I have been upgrading on-premise HPC Pack 2016 to 2019 - basically a reinstall. The database is a completely new SQL Server instance and the scripts ran as expected. The installation went through w/o errors on three head nodes with built-in clustering. However, I cannot connect with the HPC Cluster Manager, presumably because the services are constantly crashing. Errors I see (on all nodes) in the application log include:

Application: HpcDiagnostics.exe Framework Version: v4.0.30319 Description: The process was terminated due to an unhandled exception.
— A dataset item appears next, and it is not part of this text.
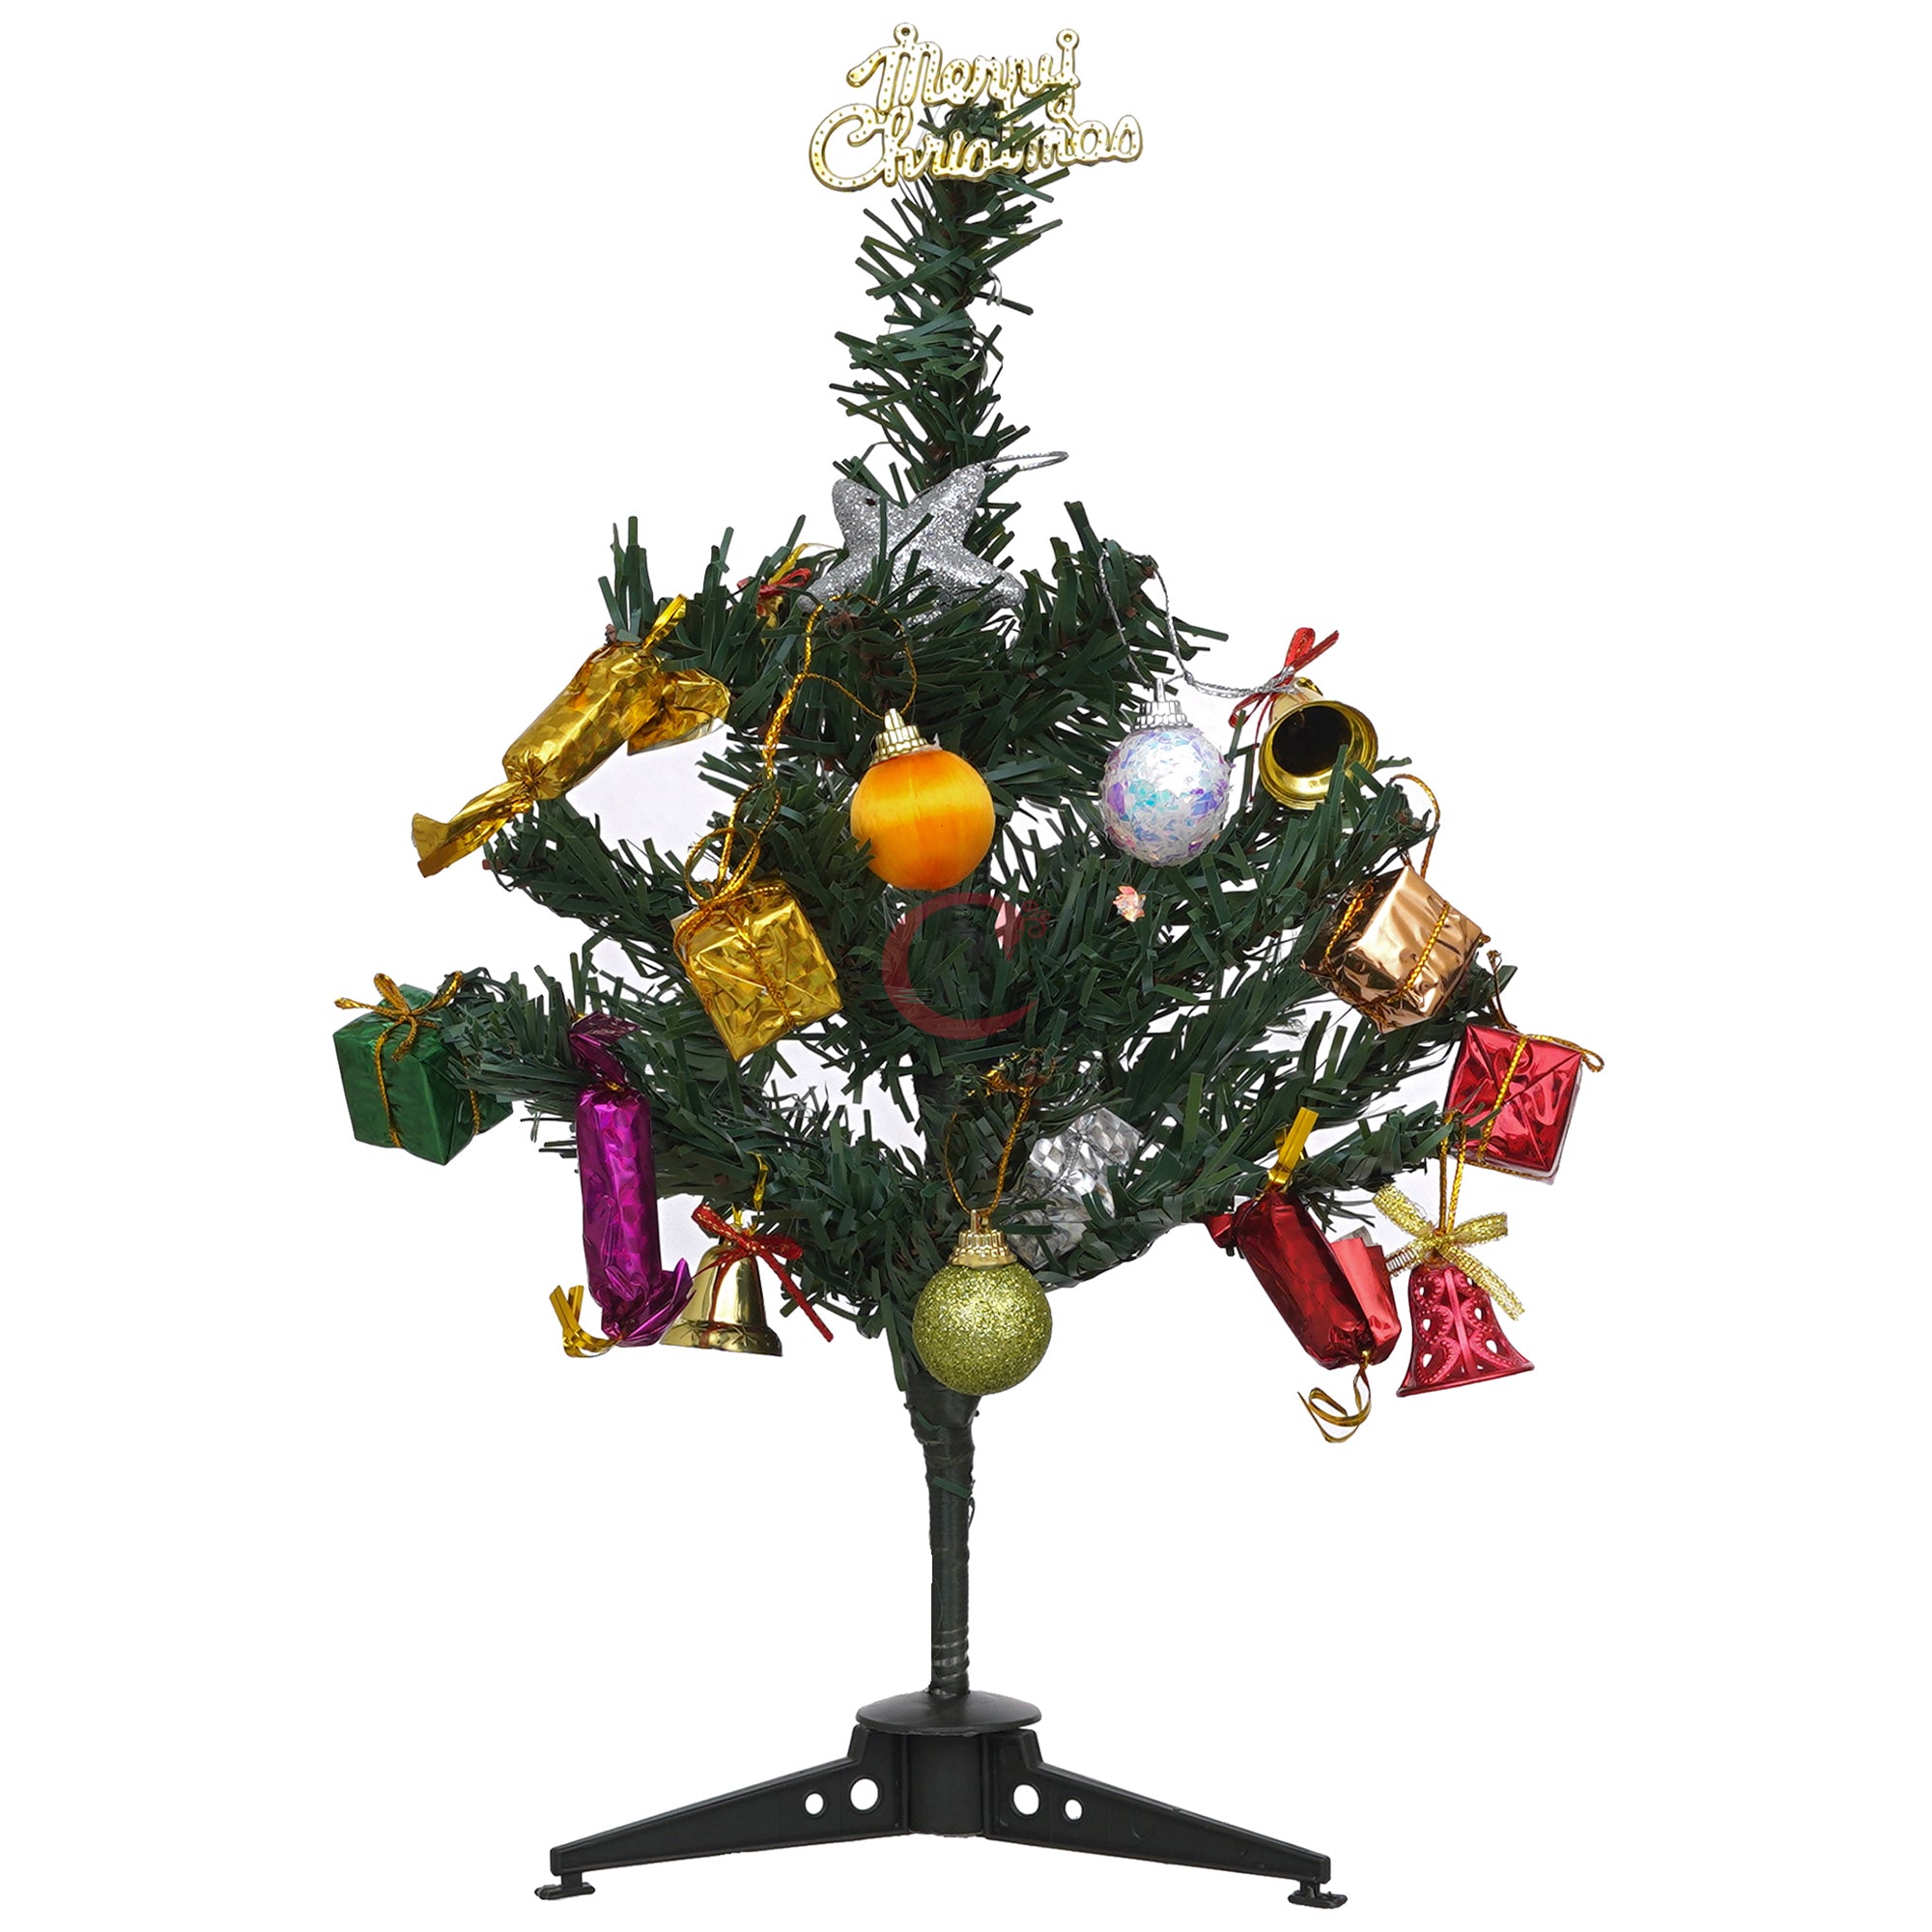 eCraftIndia 1 Feet Green Artificial Christmas Tree Xmas Pine Tree with Stand and 40 Christmas Decoration Ornaments Props - Merry Christmas Decoration Item for Home, Office, and Church 6

Exception Info: System.ComponentModel.Win32Exception at Microsoft.ComputeCluster.Management.Win32Helpers.HAUtils.SetGenericServiceRegistryCheckpoint(System.String, System.String) at Microsoft.Hpc.Diagnostics.Store.DiagnosticCrypto+<GetKeyAndSalt>d__23.MoveNext() at System.Runtime.ExceptionServices.ExceptionDispatchInfo.Throw() at System.Runtime.CompilerServices.TaskAwaiter.HandleNonSuccessAndDebuggerNotification(System.Threading.Tasks.Task) at Microsoft.Hpc.Diagnostics.Store.DiagnosticCrypto+<InitDefault>d__18.MoveNext() at System.Runtime.ExceptionServices.ExceptionDispatchInfo.Throw() at System.Runtime.CompilerServices.TaskAwaiter.HandleNonSuccessAndDebuggerNotification(System.Threading.Tasks.Task) at Microsoft.Hpc.Diagnostics.Store.DiagnosticsStore+<Init>d__27.MoveNext() at System.Runtime.ExceptionServices.ExceptionDispatchInfo.Throw() at System.Runtime.CompilerServices.TaskAwaiter.HandleNonSuccessAndDebuggerNotification(System.Threading.Tasks.Task) at Microsoft.Hpc.Diagnostics.DiagnosticsSvc+<StartSvc>d__8.MoveNext() at System.Runtime.ExceptionServices.ExceptionDispatchInfo.Throw() at System.Runtime.CompilerServices.TaskAwaiter.HandleNonSuccessAndDebuggerNotification(System.Threading.Tasks.Task) at Microsoft.Hpc.DiagnosticsWinService.DiagnosticsWinService+<<OnStart>b__2_1>d.MoveNext() at System.Runtime.ExceptionServices.ExceptionDispatchInfo.Throw() at System.Runtime.CompilerServices.TaskAwaiter.HandleNonSuccessAndDebuggerNotification(System.Threading.Tasks.Task) at Microsoft.Hpc.HighAvailabilityModule.Algorithm.MembershipWithWitness+<>c__DisplayClass45_0.<RunAsync>b__0(System.Object) at System.Threading.ExecutionContext.RunInternal(System.Threading.ExecutionContext, System.Threading.ContextCallback, System.Object, Boolean) at System.Threading.ExecutionContext.Run(System.Threading.ExecutionContext, System.Threading.ContextCallback, System.Object, Boolean) at System.Threading.QueueUserWorkItemCallback.System.Threading.IThreadPoolWorkItem.ExecuteWorkItem() at System.Threading.ThreadPoolWorkQueue.Dispatch()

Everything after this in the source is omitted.